Fruit of Your Labor
We fit fruiting trees and vines in our landscape because the man of the mower enjoys eating food from the yard. We fondly recall our granddaughter’s first homemade cobbler, made with freshly picked blackberries. Good memories. A dear friend gifted us with two loquat trees. It may be a few years before we have production but we look forward to sharing that fruit.
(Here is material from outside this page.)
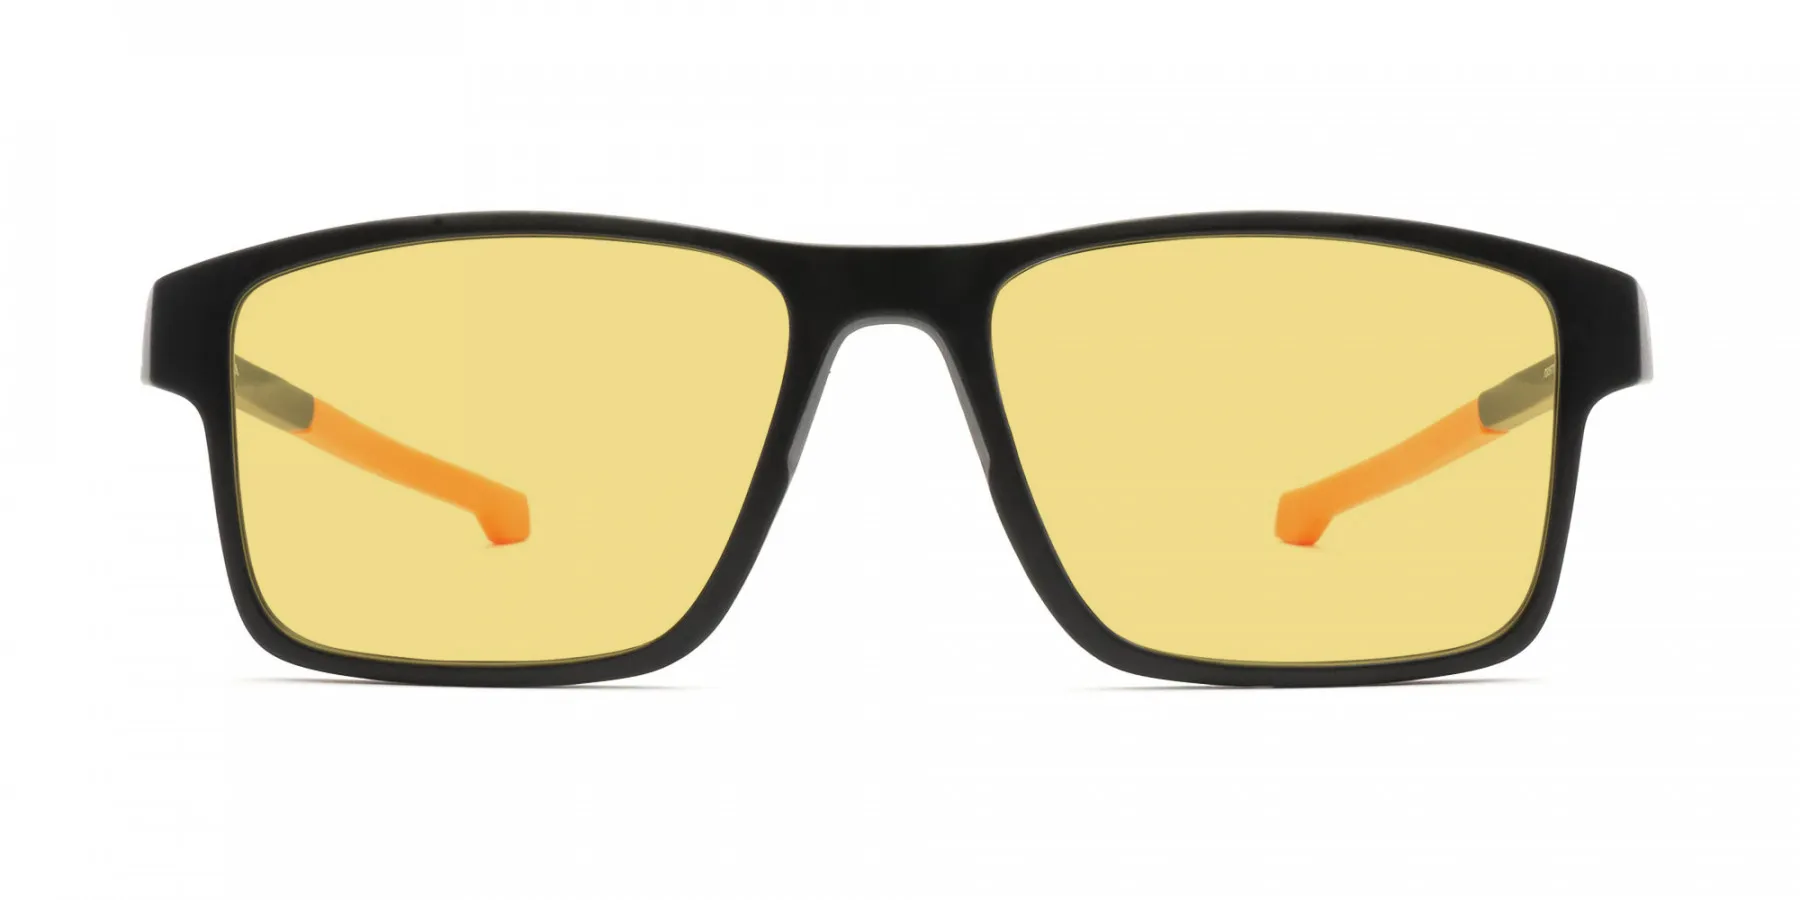 Rectangular Sports Sunglasses With Yellow Tint-2

It is my joy to share a partial list of deciduous fruit and nut suitable for North Florida’s climate.
Deciduous trees shed most leaves each year, usually in autumn or winter. Our part of the world receives between 400 – 500 chill units annually, based on thirty year historical data. Chill unit is number of hours at or below 45 degree F. Based on what your family likes to eat, select varieties requiring 400-500 chill units.
Apple –Anna and Dorsett Golden cross pollinate with TropicSweet.
Fig – Celeste and Brown Turkey. Roots like to be cooler, benefiting from amended soils. Stems and branches receive full sun, 8+ hours direct light. Sap may irritant skin.
Peach – cultivar (chill unit) specific. Gulfking (350), Flordaking (350), Flordacrest (375), Gulfprince (400), Gulfcrimson (400), Gulfcrest (525). If you have space, plant one requiring less chill units and one requiring more. Are you a hands-on gardener? Do you like pruning on annual basis? With the tendency to set more fruit, thinning to space one every six inches along the branch is recommended.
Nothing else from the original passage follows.